Keep the lines exact and the pictures out as you repeat the following listing.

Input data »
• • • • •

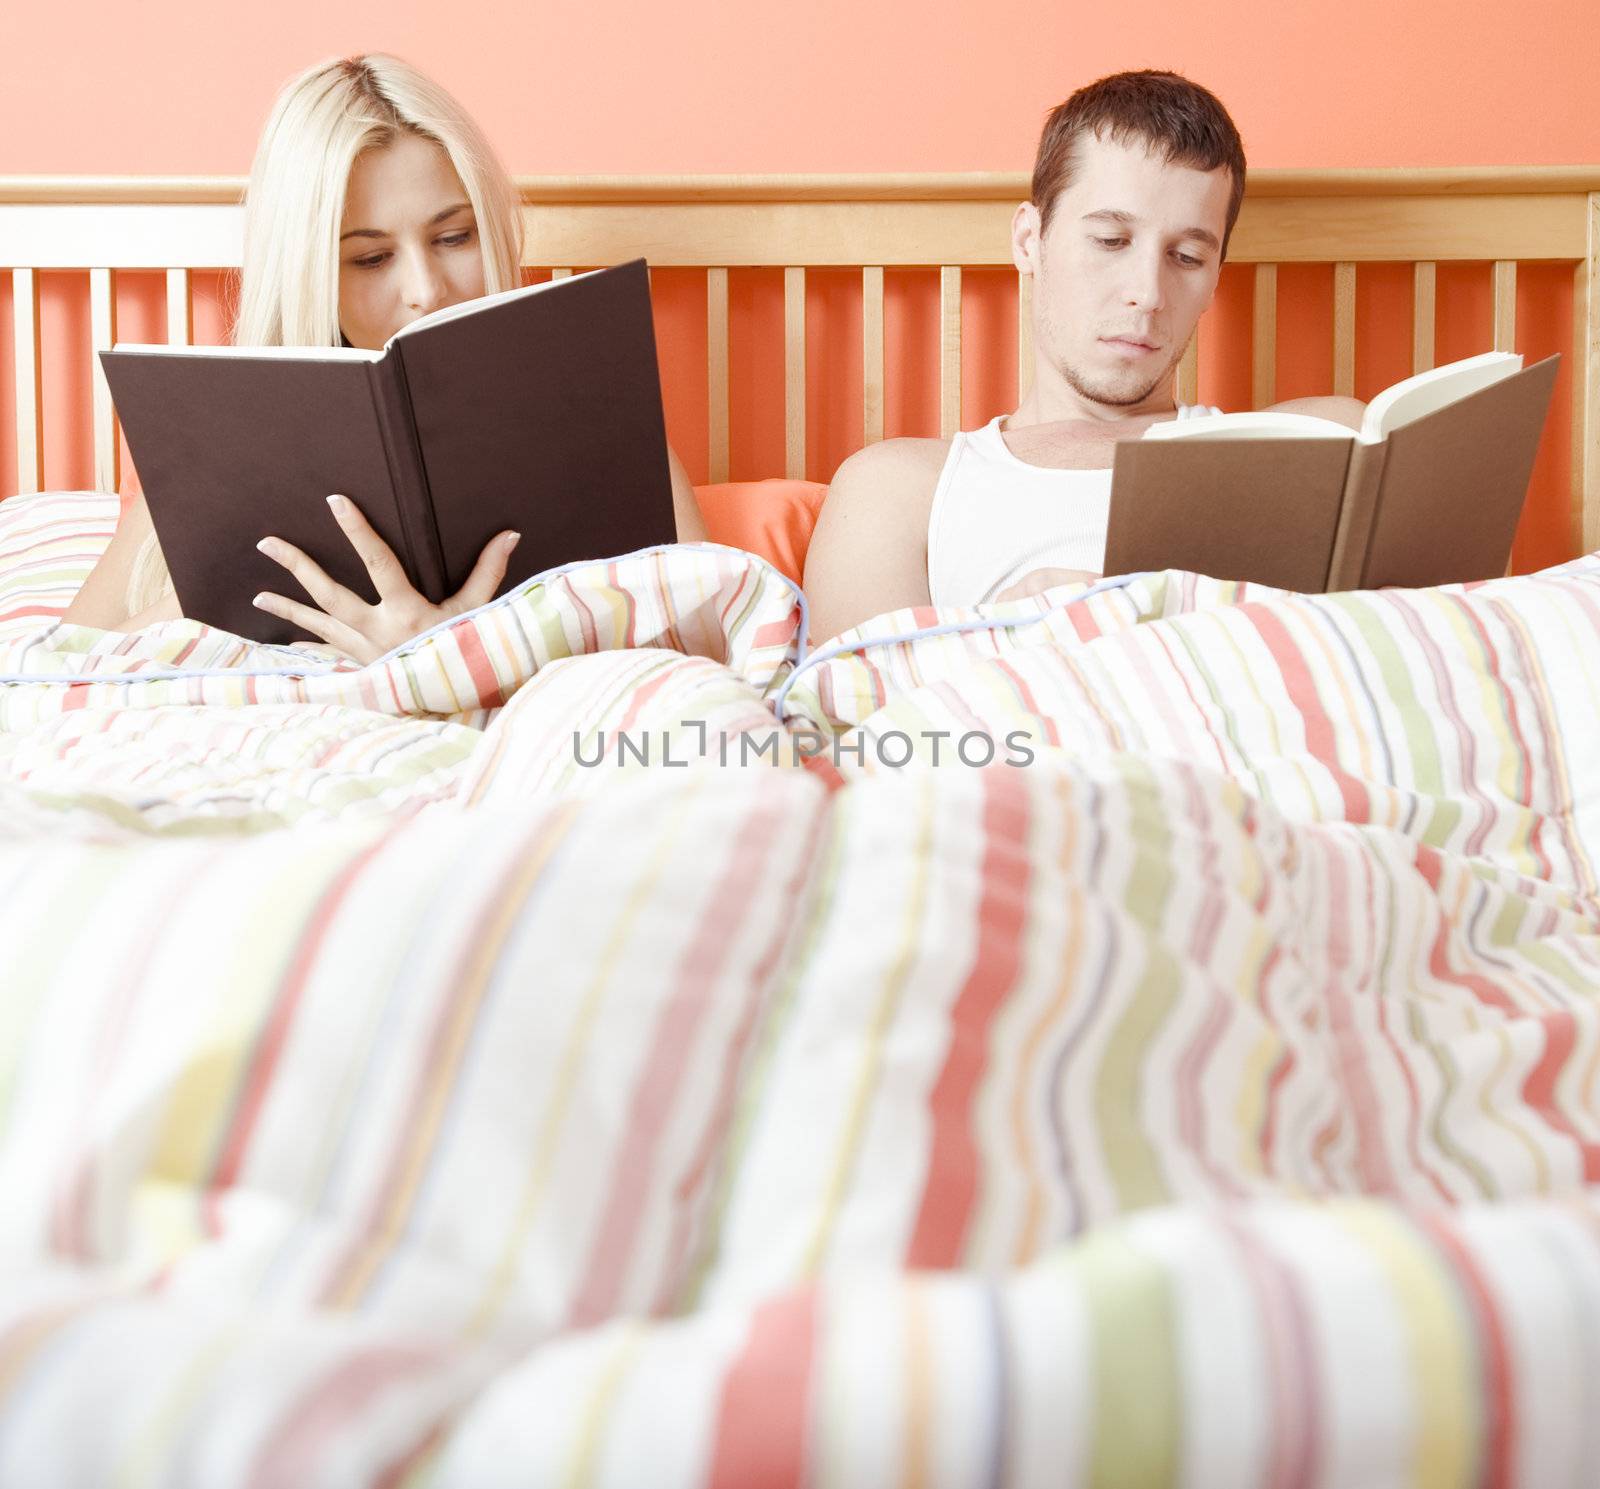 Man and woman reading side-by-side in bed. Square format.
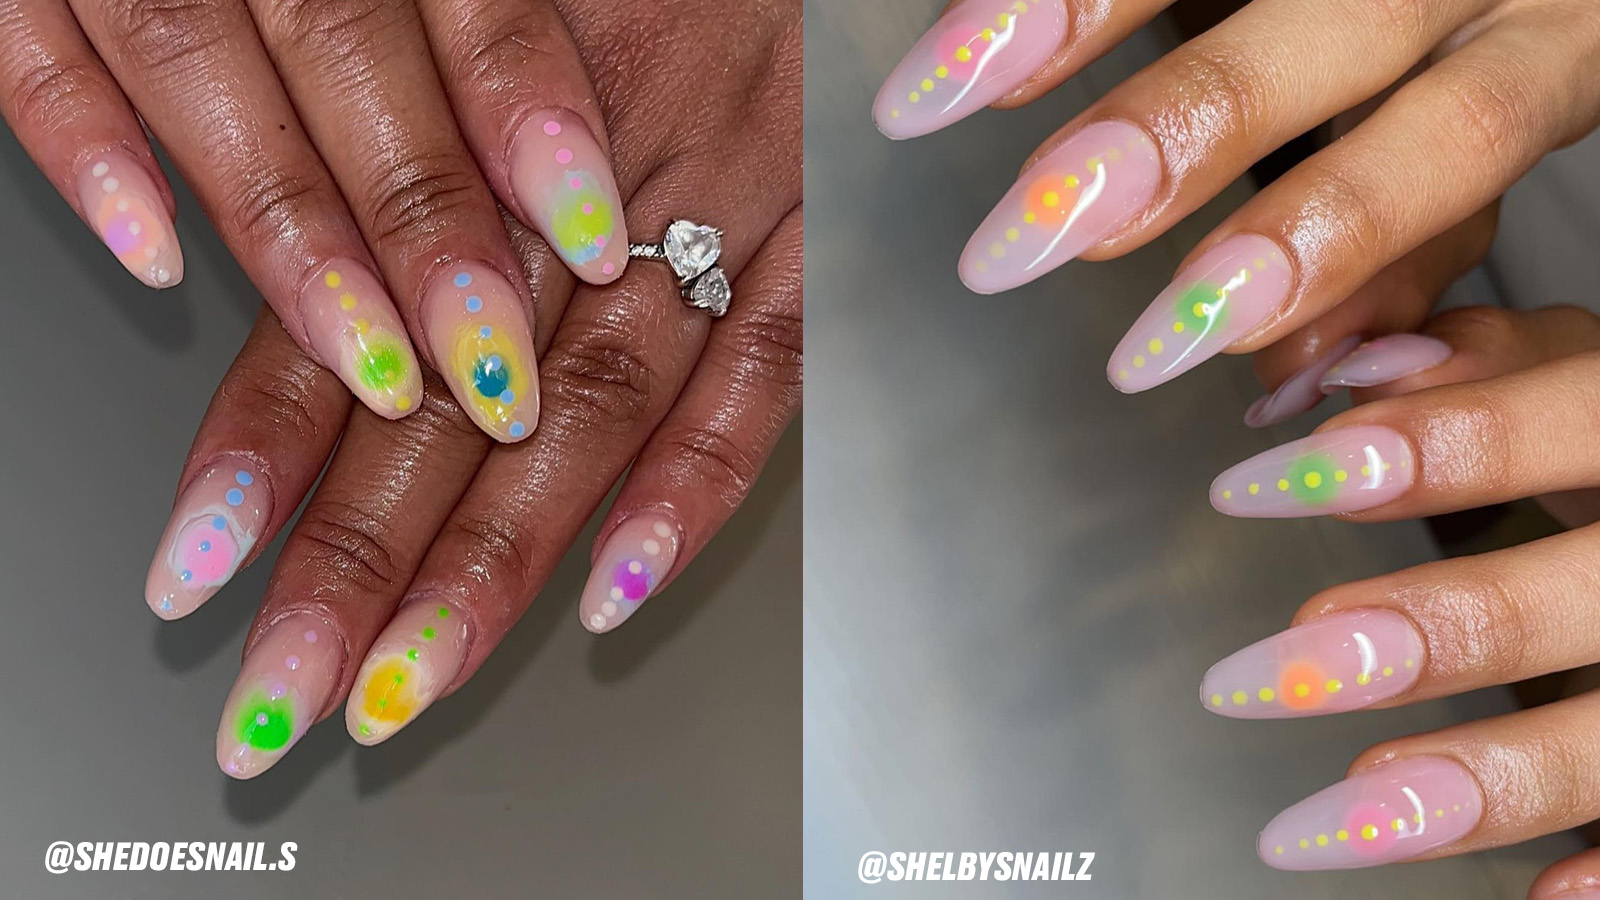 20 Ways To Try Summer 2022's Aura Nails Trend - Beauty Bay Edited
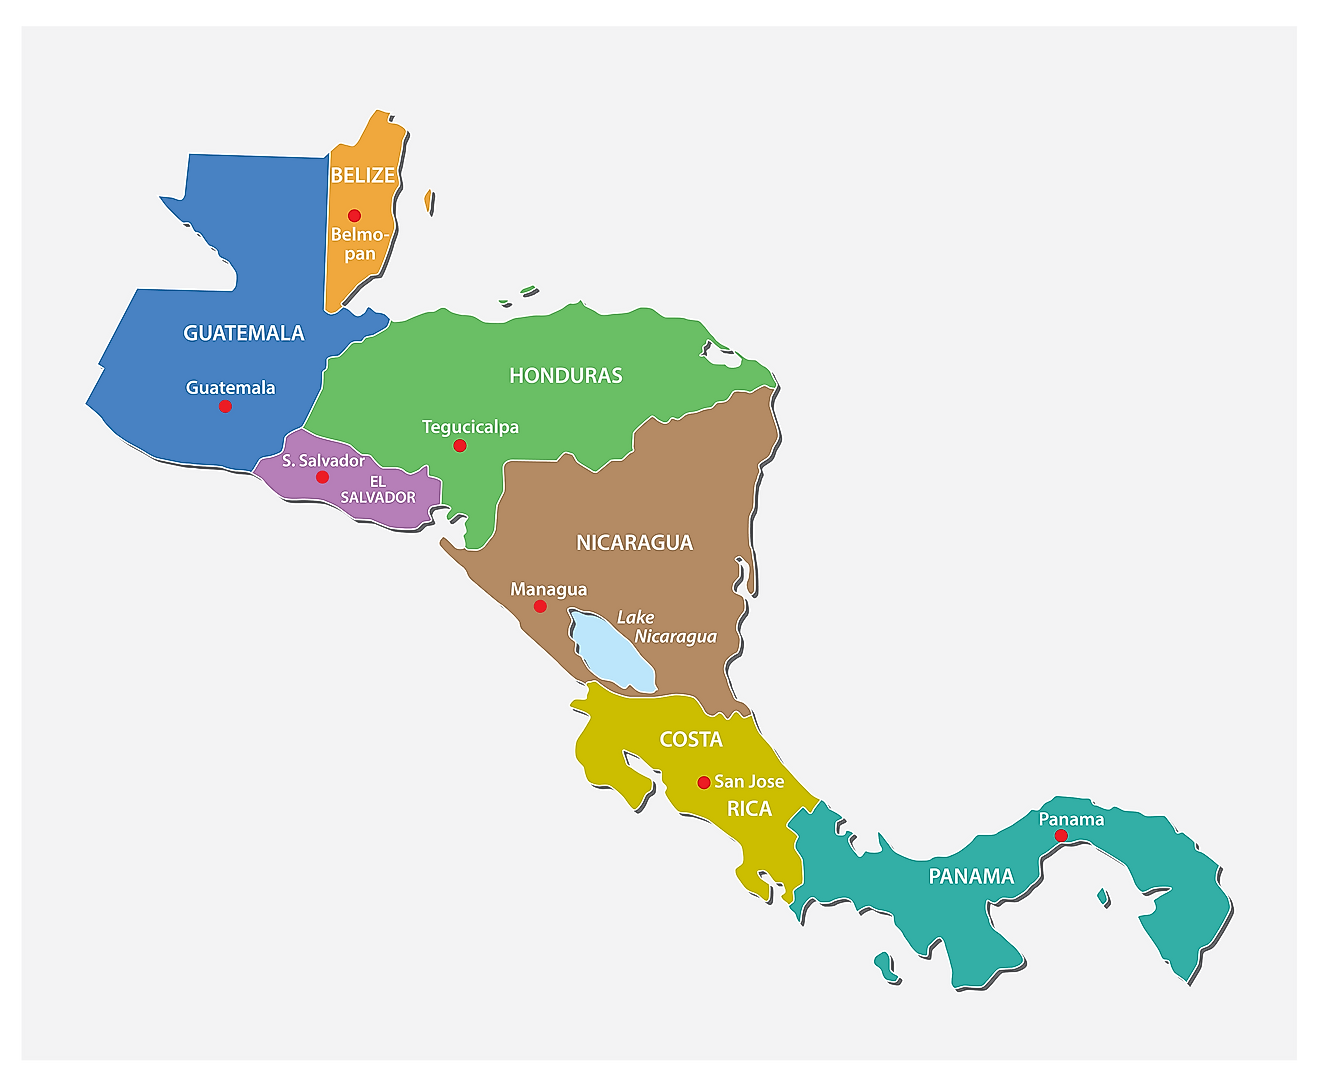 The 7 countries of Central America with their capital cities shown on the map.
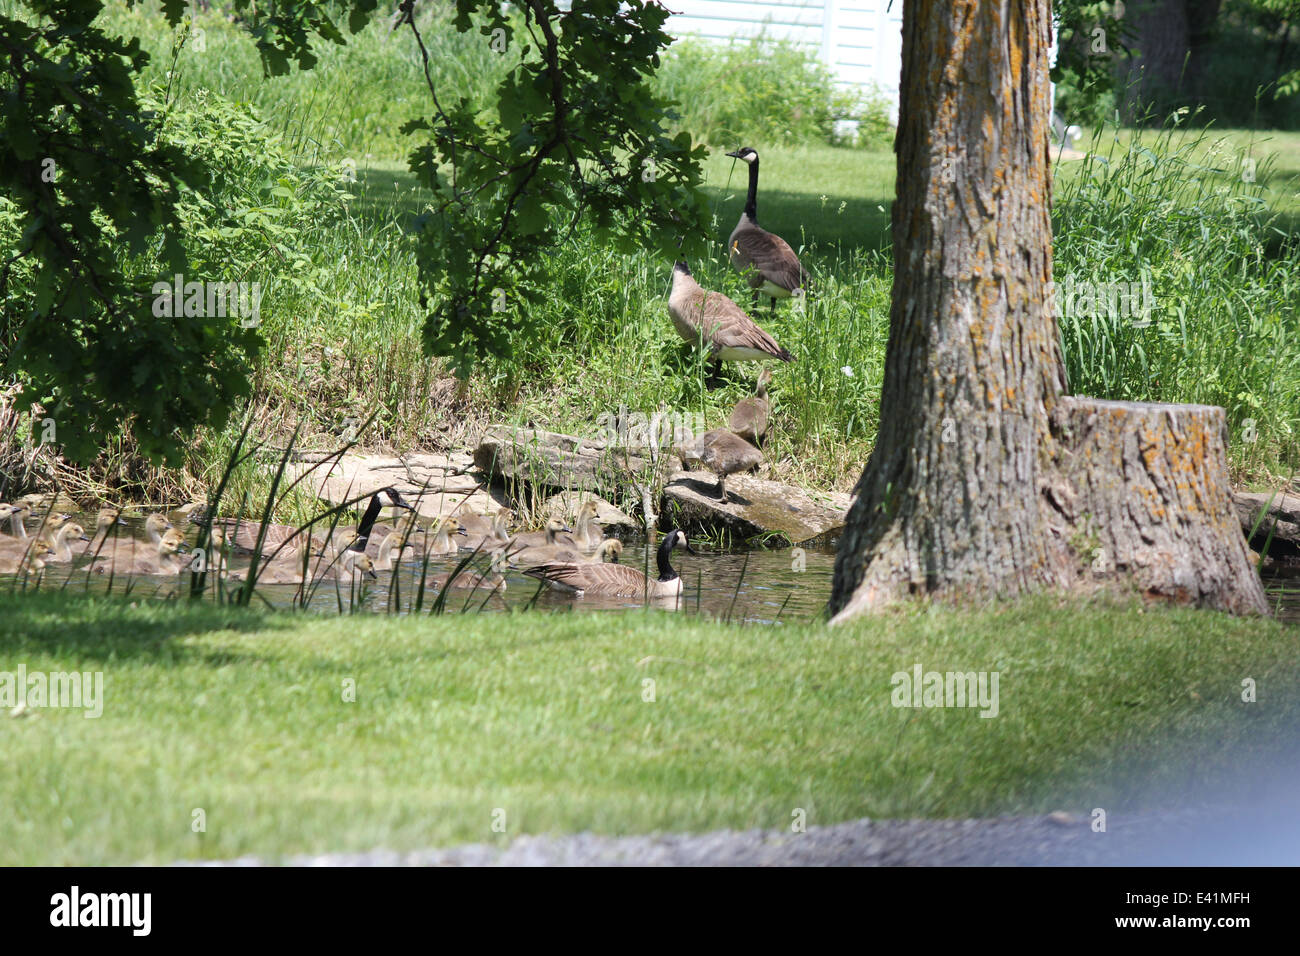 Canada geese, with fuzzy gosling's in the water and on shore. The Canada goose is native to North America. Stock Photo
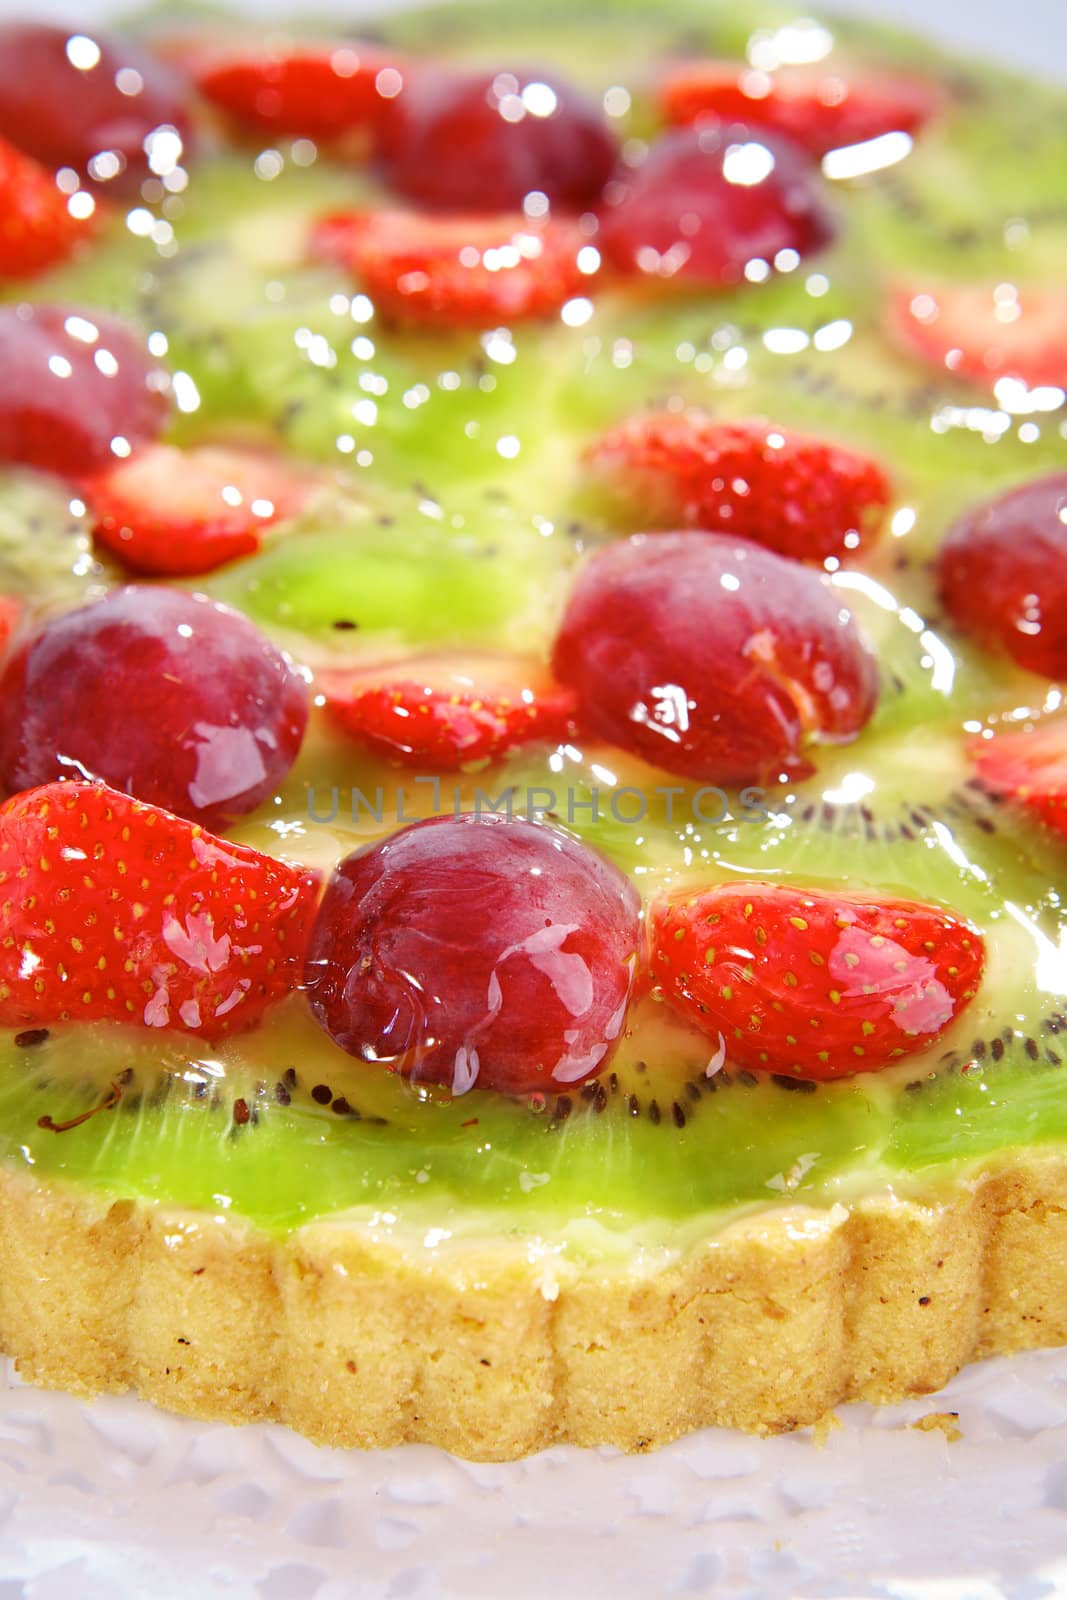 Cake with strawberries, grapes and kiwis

• • • • •

Output of the task »
 Man and woman reading side-by-side in bed. Square format.
 20 Ways To Try Summer 2022's Aura Nails Trend - Beauty Bay Edited
 The 7 countries of Central America with their capital cities shown on the map.
 Canada geese, with fuzzy gosling's in the water and on shore. The Canada goose is native to North America. Stock Photo
 Cake with strawberries, grapes and kiwis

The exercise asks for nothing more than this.